Talk to your documents. Surface what matters.
AI-powered voice-first document analysis platform that transforms hours of manual review into a 5-minute conversation.
Quick Start • Architecture • Features • Tech Stack • Documentation
Enterprise professionals — insurance adjusters, paralegals, financial analysts — spend 30+ hours per week manually cross-referencing documents, hunting for discrepancies, and writing findings reports. It's slow, error-prone, and soul-crushing.

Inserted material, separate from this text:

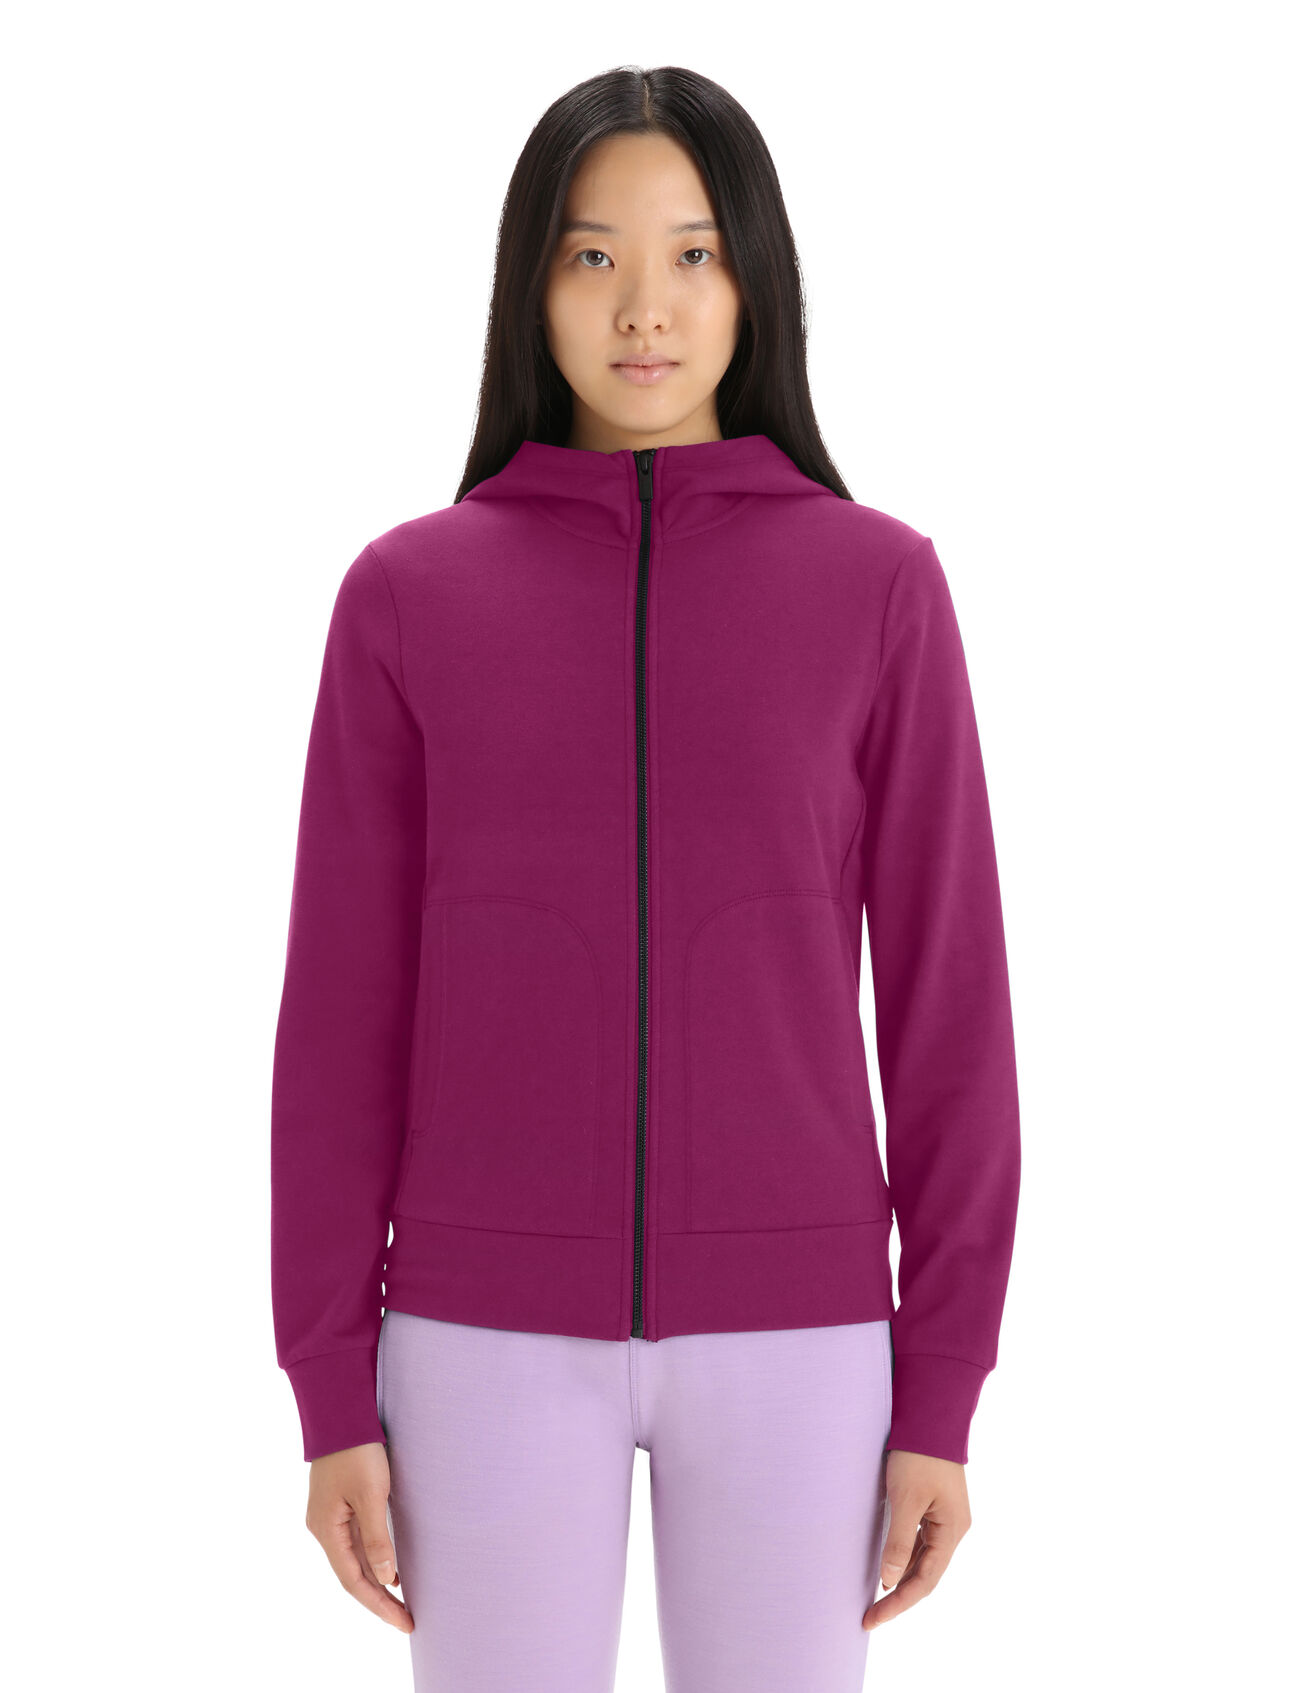 Womens Merino Central Classic Long Sleeve Zip Hoodie A comfy, classic and stylish everyday hooded sweatshirt that blends natural merino wool with organically grown cotton, the Central Classic Long Sleeve Zip Hoodie is durable, breathable and incredibly versatile.

DocuVoice lets you upload documents and have a voice conversation with an AI agent that has already read, understood, and cross-referenced everything. It surfaces discrepancies, anomalies, and red flags in real-time — while you talk.
Upload a claim file, a policy, medical bills, and a police report. Ask: "Are there any inconsistencies between the claimant's statement and the police report?" — and get an instant, cited answer.
- Voice-First Interface — Natural conversation powered by Amazon Nova Sonic 2 (speech-to-speech, 1M token context)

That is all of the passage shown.